3.19.2007

Saluki Week--Curtis L. Crisler

In honor of Southern Illinois University Carbondale's men's basketball team making it to the Sweet Sixteen (Go Salukis!), I'm going to shine a little light on my alma mater this week.

I could spend the time and space talking about the basketball team--easily my favorite college team (and, man, do I love college basketball; these past four days are pretty much my favorite four days of the year). I've been watching them for the past five years, and I even had one of the starters as a student in the first class I ever taught (I won't say his name because, you know, this is a blog, but he was an awesome student, and I've loved watching him play ever since he started getting PT as a sophomore.)

No, instead of basketball, I'm going to focus on the MFA program at SIUC, which turned ten years old this year.

While I was watching the SIUC basketball game yesterday, the announcers mentioned fundraising, and how the basketball team used to hold car washes to help them pay for their travel expenses. That kind of sensibility is pretty much exactly why I chose to attend the MFA program there.

But the truth is, besides that kind of sensibility, there's some great work being done down in Carbondale--and out of Carbondale, by people who've attended the program over the past ten years--and this week I'm going to highlight a couple of them.

Up first is Curtis Crisler. Curtis is a poet, and he was on his way out (as a third-year student) when I was on my way in (as a first-year student), but we still chatted quite a bit. I even have in my home office a signed galley of a poem of his that appeared in Callalloo. In short, Curtis is a very cool guy, and a pretty great poet, and his first book (which arrived at my house the other day) is out now.

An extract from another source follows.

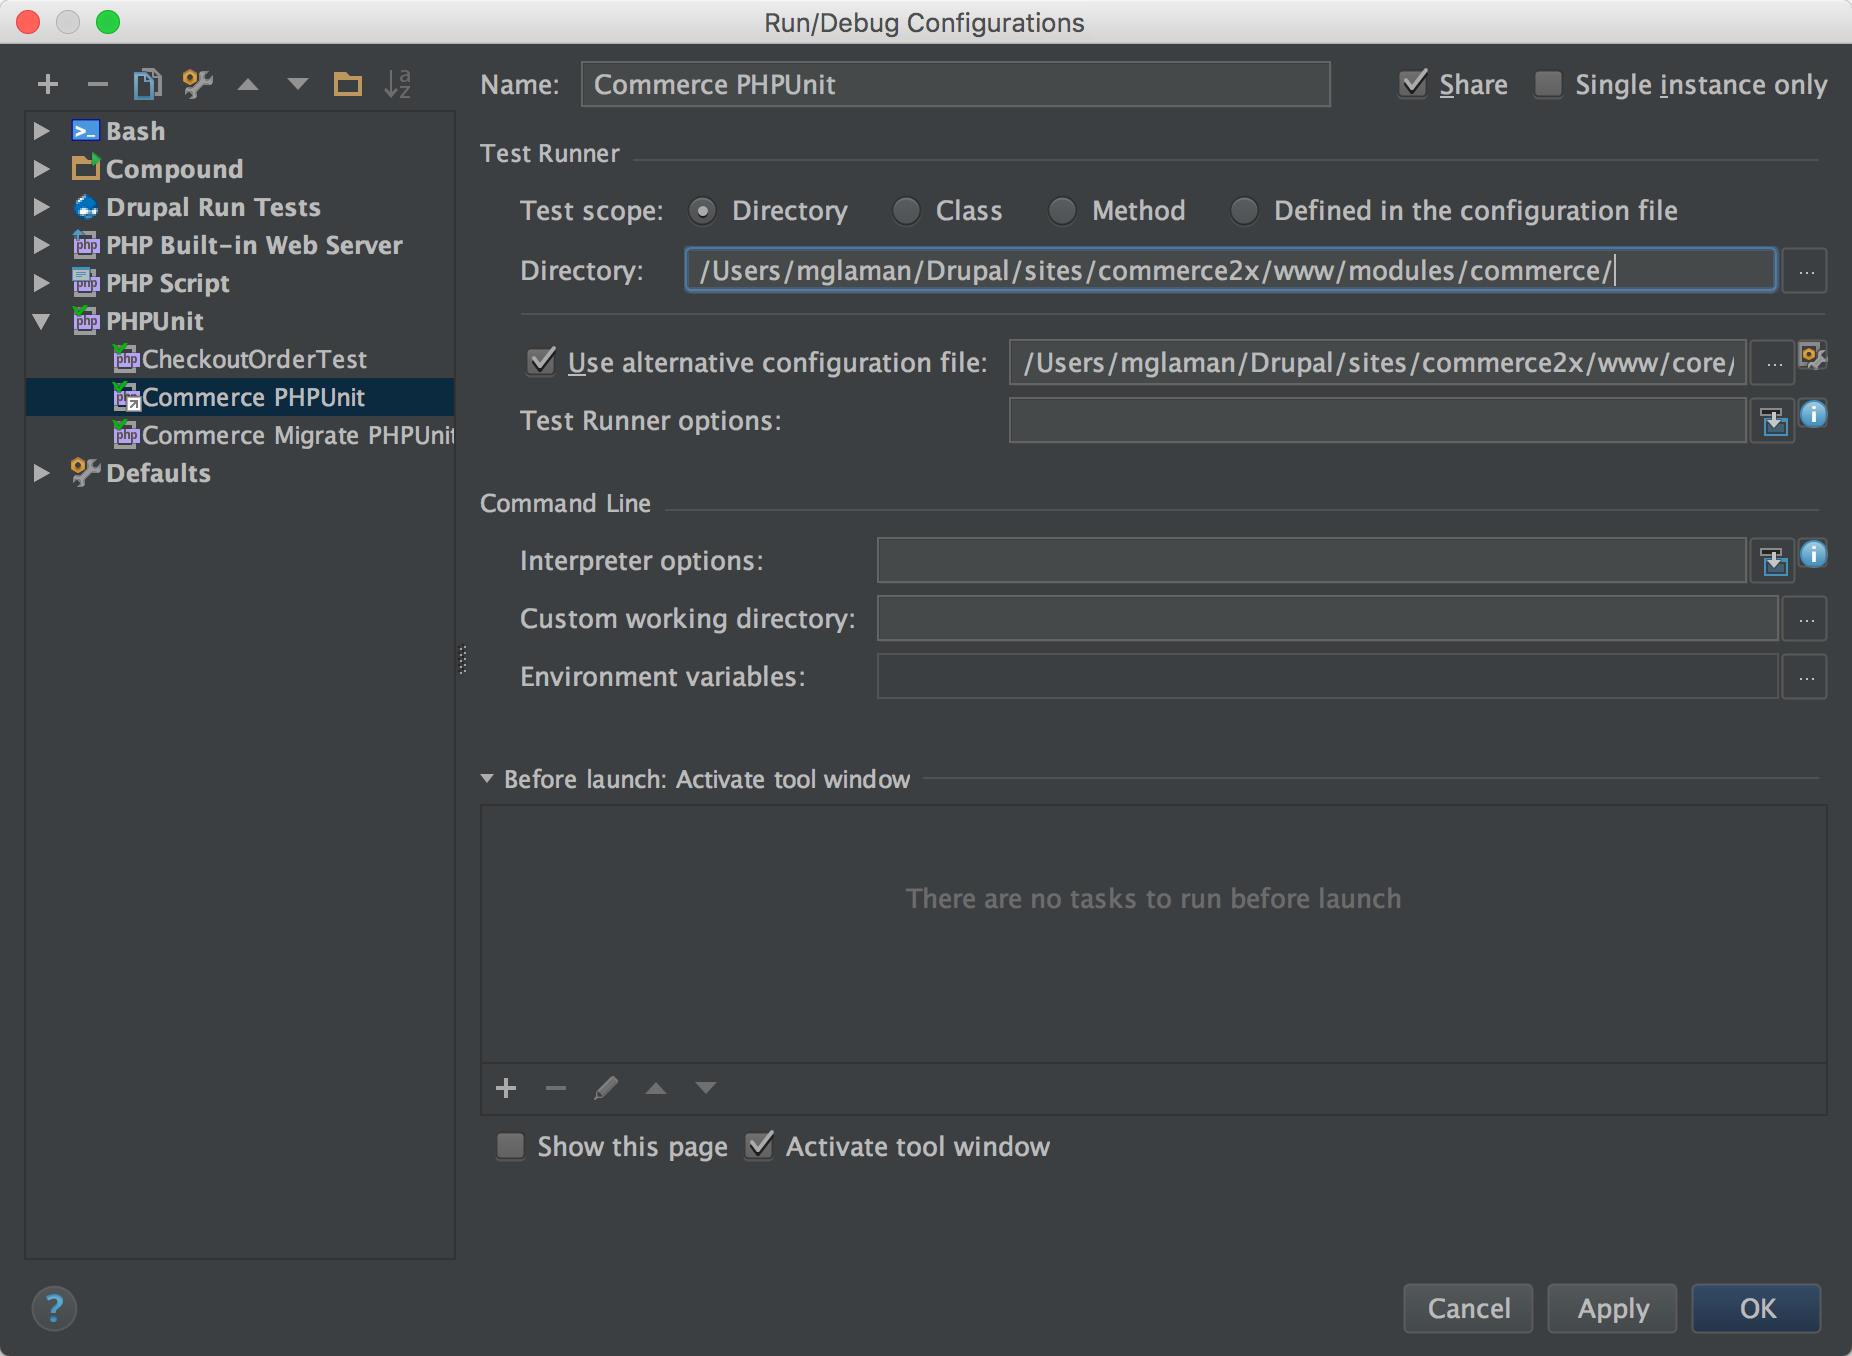 PHPUnit run configuration

It's called Tough Boy Sonatas. As far as I know, the book fairly resembles Curtis' thesis--a book of poems--but it's been marketed as a young adult novel, and the tough, gorgeous poems are now accompanied by gorgeous illustrations by Floyd Cooper. Really, if I had a young adult around, this is exactly the kind of book I would want him or her reading. In fact, I may have to order an extra copy for my nephew D, who will, soon enough, be a young adult.

But the book, of course, like most things marketed to young adults, isn't just for them. The poems are wise, hip, and full of truth and compassion, and everybody should check it out.

I mean, when was the last time you read a book with pictures?